Что это? Что это? Значит, сражение? Кого же, кого же, господи..? Длинное, белое тело... Вот:
разговаривают; так и есть
– Кого? Кого вы несете? – и диким рыданьем сейчас
– Солдатика убитого, барышня. А что?
– Раненые сами пошли, еще ночью; а он...
Солдата, солдата! Слава тебе, богородица-дева! В горле слова застревают:
– А... Раздеришин... поручик?
– А что ему деется?.. Небось, на горе, с генералом...
– Что ж там, опасно?
– Чего опасней... небось водку пьют.
Скорей туда, на гору! Пока не увидит Валюська своими глазами, не убедится... Какой длинный утрамбованный песок под ногами... И сколько солдат... И все ругаются. И песок, как солдаты, – серый, темно-желтый... Где же, господи, где же? Должно быть, там, где столбы телеграфные – -
– – – – – – А по столбам телеграфным протянута проволока, а по проволоке уже неслись во все стороны слова о несчастной случайности в запасной бригаде, а виновный во всем солдат-пулеметчик сидел на гауптвахте, а на горе – правда, водку не пили, но
– стратегически и тактически обсуждали ночную атаку с жаром и с пеной у рта (это только так говорится ради словесной игры – никогда взаправду не пенятся рты у спорщиков) и генерал Оптик, становясь на цыпочки, выслушивал доводы за и против, и мудро, наморщив безбровые впадины глаз, подрыгивал птичьей своей головой – направо, и налево и прямо, забыв о том, что
солдаты – с трех утра на ногах, а отделенные, взводные, фельдфебеля и полуротные командиры пыжатся сделать вид образцовых занятий и по всему полю ходит, спотыкаясь и перекатываясь, как символ фронта поручика Раздеришина,
– стратегическая – тактическая – нудная – серая – но единственно образцовая – матерщина
Прапорщику Арбатову нужно было сдавать дежурство, надоел узкий френч, портупея, шашка, револьвер и жмущий правый сапог, – двадцать шесть часов уже жмущий – и с двадцатилетней честностью, с правами знакомого с детства – он ненавидел поручика Раздеришина. И уже ненависть, сверля свинцовыми сверлами, свернулась в сверкавший клубок, готовый броситься и свертеть в сторону шею, шшеею, когда генерал, прощаясь, бросил намек Раздеришину о производстве в следующий чин.
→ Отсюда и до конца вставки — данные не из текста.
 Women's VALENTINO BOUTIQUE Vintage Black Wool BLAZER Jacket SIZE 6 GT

И вот, генерал поехал в коляске, а кругом облегченные шутки шопотом, еле слышным, шуршали, а на песчаном поле расстроились и запестрели нестрогими остротами стройные солдатские ряды
Арбатов, сжимаясь до боли, отвел Раздеришина в сторону, стал перед ним, глядя снизу на синий черкесский казакин, на могучие плечи с золотыми полосками, на бритую белую ррожу и:
– Поручик Раздеришин, ты... ты... ты... подлиза.
Конечно, услышав в ответ:
– Прапорщик Арбатов, ввы,
Но голубое мелькнуло меж ними видение, слилось с Раздеришиным, и из-за голубой вуали, услышал Арбатов доброе-доброе:
– Дурак ты, Арбатка! Жить играючи не умеешь. Гляди: ведь, это – Валюська.
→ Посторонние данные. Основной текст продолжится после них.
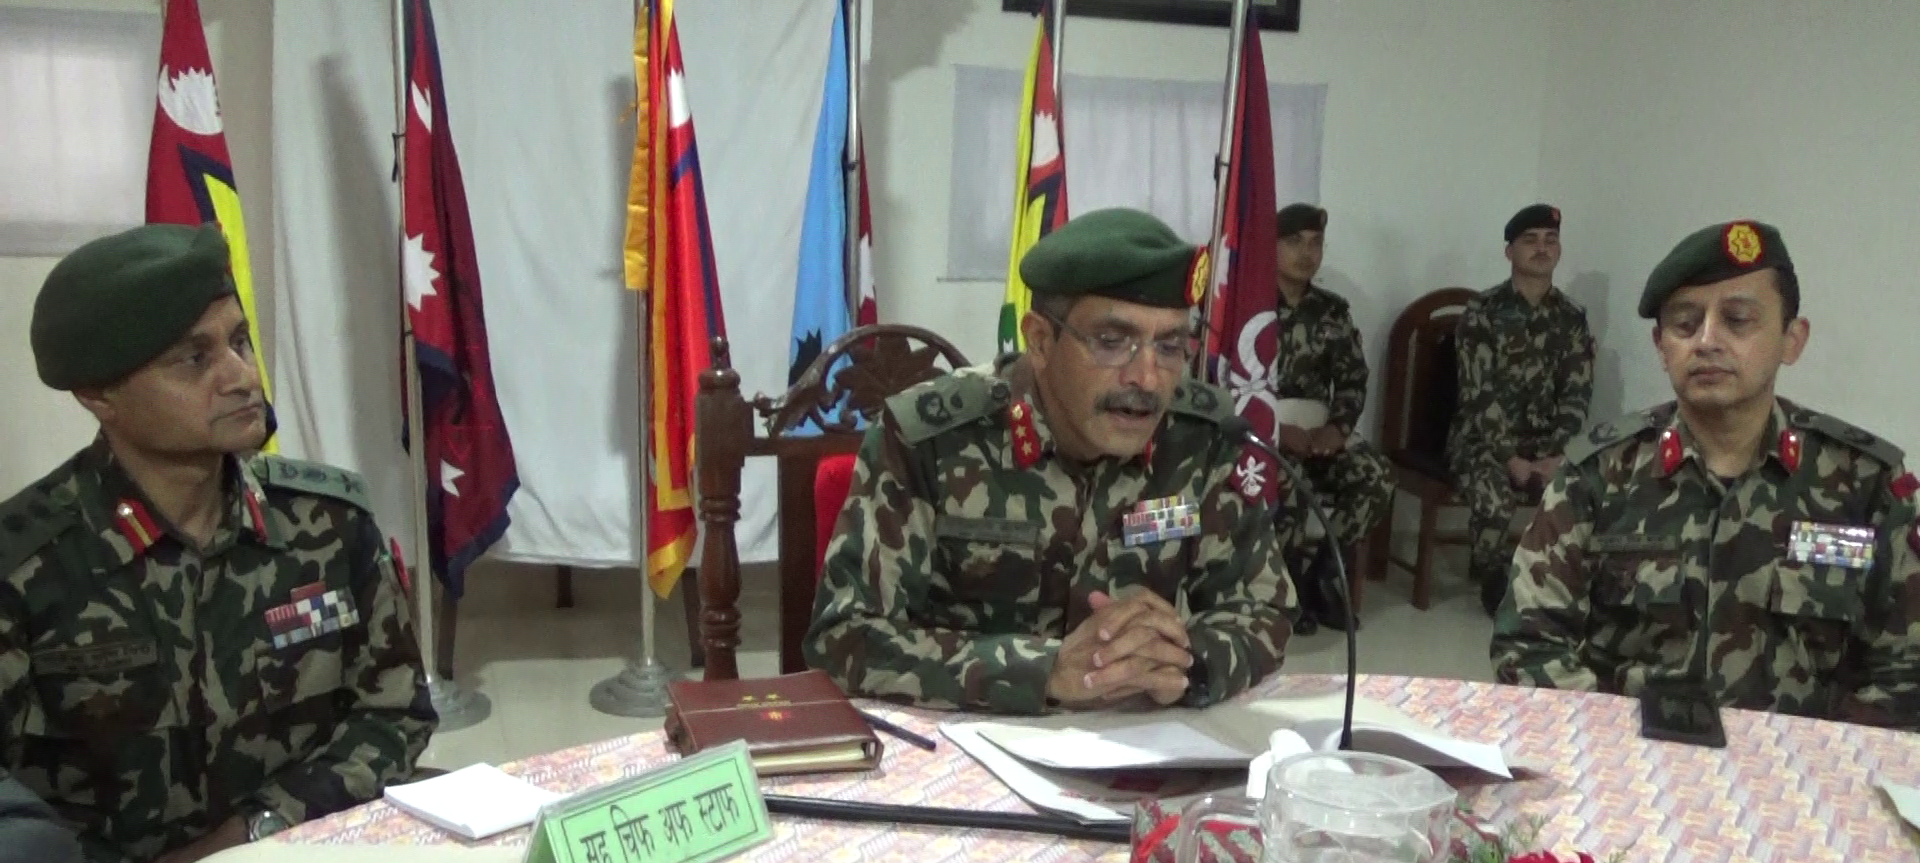 नेपाली सेनाले सुर्खेतमा ‘एकताका लागि दौड’ प्रतियोगिता आयोजना गर्दै

Глянул Арбатов – и правда Валюська, родная Валюська, невеста Евгения, а ему все равно, что сестра. А Валюська глядела, как в небо, снизу, в глаза Раздеришину и
– Как хорошо ты сказал ему, что игра... Только... вдруг ты со мной... тоже... только играешь?
ГЛАВА ВТОРАЯ.
Фригийский колпак.
Мой спутник Мустафа, – я зову его на французский лад Мусташем, после благополучного окончания нашей миссии рассчитывает стать, по крайней мере, беем; кроме того, он твердо уверен, что мы ведем войну против всех гяуров, ту самую священную войну, о которой с детства он так много слышал от муллы. Вот две причины, по которым он еще не убежал от меня и изредка, пересиливая свою трусость, позволяет себе резать на куски мой воистину священный бикфорд. Режет он, заряжаю я; сто зеленых тюрбанов с самим Мохаммедом во главе не заставят его прикоснуться к капсюлям и банкам; поэтому что-то много десятков верст по солнцепеку мешок давит мои обожженные плечи.
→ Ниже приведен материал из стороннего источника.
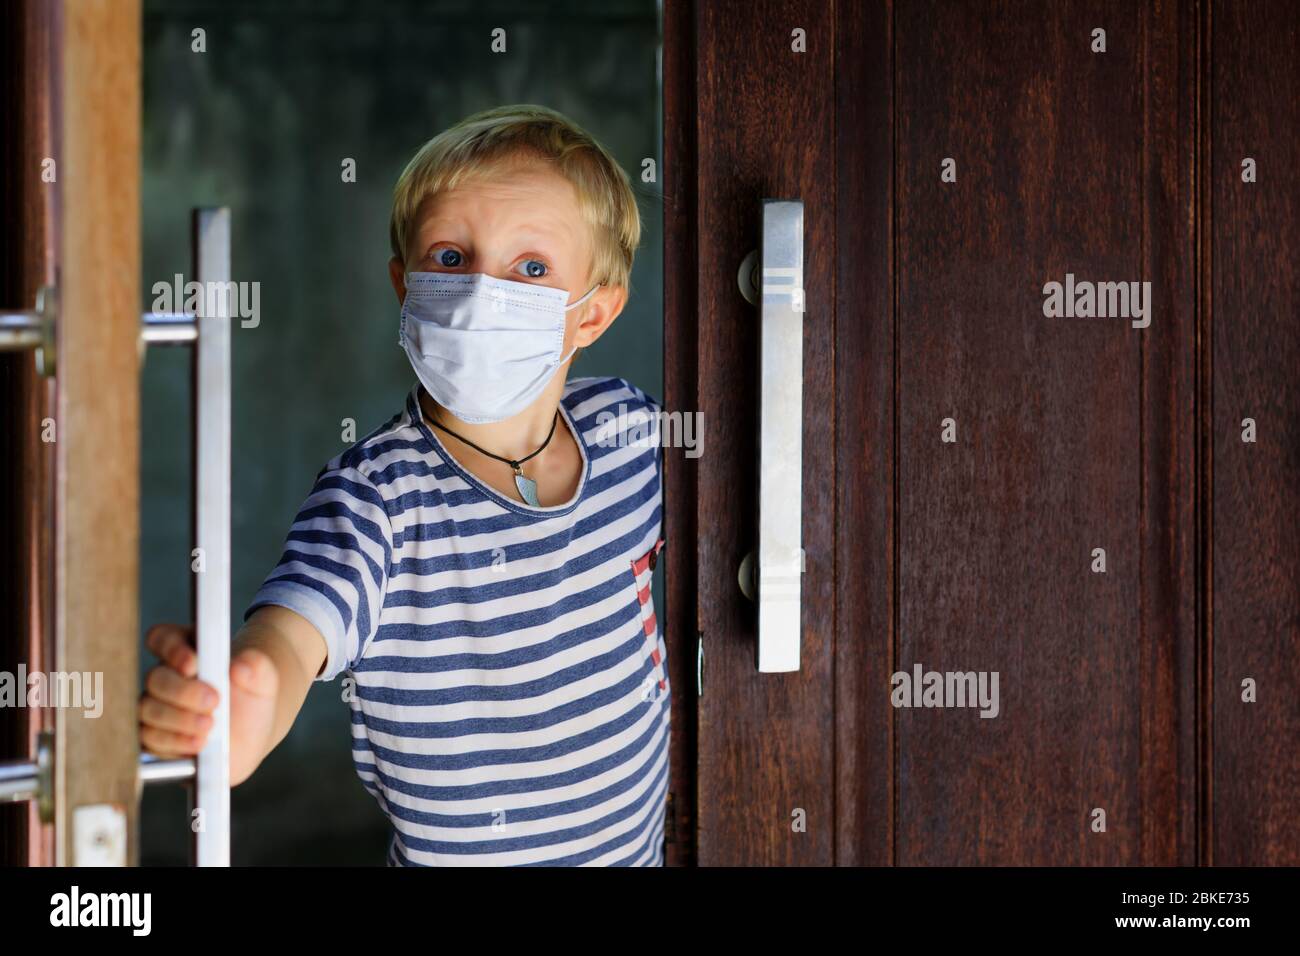 Kleines Kind, das nach dem Aufenthalt zu Hause aus der Tür aufschaute, da es auf der Straße verboten war. Kind trägt medizinische Gesichtsmasken gehen für außerhalb gehen. Stockfoto

Сознание, что это именно он, а не кто-нибудь другой из его оборванных односельчан, ведет газават, следуя за мифическим зеленым знаменем пророка, разжигает в Мусташе какую-то смиренную, терпеливую выносливость, дело в том, что по природе он большой неженка. Не дальше, как сегодня утром мы встретили пять "опрокинутых тарелок" – так зовем мы с Мусташем эллинов за их английские противоаэропланные шлемы – и по-обыкновению присели у края дороги, корча из себя нищих-оборванцев, от которых мы по внешнему виду нисколько не отличаемся; и Мусташ спокойно дал проехаться по своей спине всем пяти резиновым нагайкам, кувыркаясь в пыли и отвлекая внимание "тарелок" от моей особы. А меня так и подмывало швырнуть им вслед одну из банок, тем более, что "тарелки" ели... Они ели консервы, раскачиваясь на своих малорослых лошаденках, и на наших глазах бросили в кустарник два порожних жестяных стакана. Мустафа пополз за ними, как гиена, и долго и старательно вылизывал языком оставшийся жир, при чем мне все время казалось, что с жестянок вместе с жиром слезает и надпись: Corned beef Limited U. S. A. Я знал, что после такого упражнения еще несносней будет мучить жажда – и воздержался...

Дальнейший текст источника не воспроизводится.